Он запнулся и подумал, мучительно щуря глаза.

– Переломить зрителя – это нелегко: он слишком быстро и легкомысленно свищет, он не хочет досмотреть до конца. Я все предусмотрел, я подготовил диалог, я смонтировал пьесу, говорят вам. Я ручаюсь за успех. Но если поверят эти... я нарочно выбрал самых предубежденных – Николай голову отдаст за Гапона, как и этот Щербатый, недоносок революции, Калибан из шекспировской «Бури». Если поверят они – кто угодно поверит. Нет, за это я спокоен.

Он потер руки привычным, «мартыновским» жестом.

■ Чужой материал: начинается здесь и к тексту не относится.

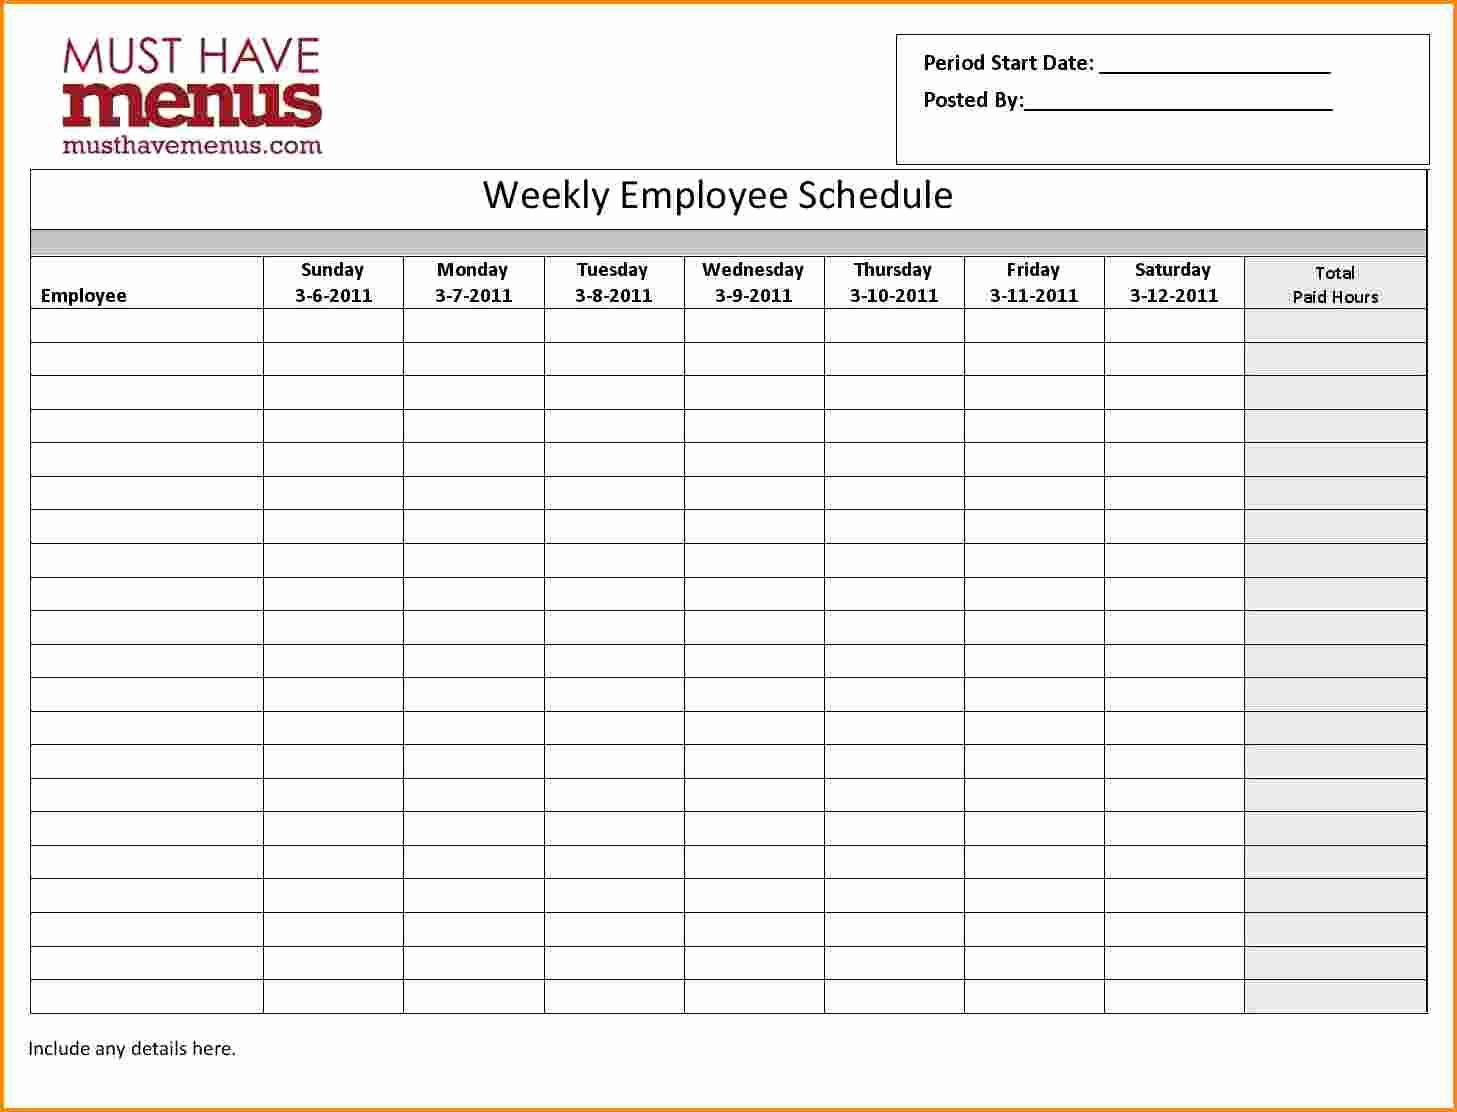 Employee Monthly Work Schedule Template Beautiful 7 Monthly Employee Schedule Template

– Я уже десять раз пережил то, что будет: деталь за деталью. Я вижу, понимаете, физически вижу, до мельчайших подробностей, как именно я его убью. Комнату, где это будет, я велел оклеить новыми обоями – единственную во всей даче (мы ведь на даче будем, в Озерках): дача – запущенная и пыльная, как кулисы театра, и среди нее – павильон. Театральный павильон, вы разумеете? Я сам выбирал обои: розовые букеты по белому рубчатому полю. И приказал наклеить – завязочками букетов вверх: обязательно вверх. Вы чувствуете? В комнате, где будет убит провокатор, обязательно должны быть розы завязочками вверх... Я подобрал мебель. Гримы – даны. Я вижу его лицо, какое оно будет... в момент. Борода с пивной пеной на завитках у подбородка... Я буду поить его пивом, он всегда роняет пену себе на бороду... Под бородой новый галстук с жемчужной булавкой. Он стал носить жемчужную булавку – с тех пор как стал провокатором. И галстук будет провокаторский – с шиком – малиновый с синим, в полоску, атласный... с растрепанным хвостом... выбившимся из-под жилета... Он расстегнет шубу, когда будет пить – и хвост будет на самом виду... концы таких галстуков всегда мохрятся. Я вижу все. Я твердо помню весь диалог... все мизансцены финала. Как по печатному тексту. Вы убедитесь в этом.

– Я не знаю еще, буду ли я, Мартын. В этом деле я не вижу себе места. Притом в четверг я думал уехать в Москву; мне необходимо побывать там – по делам офицерским.

Он глянул на меня исподлобья и тотчас спрятал кровянеющие белки глаз.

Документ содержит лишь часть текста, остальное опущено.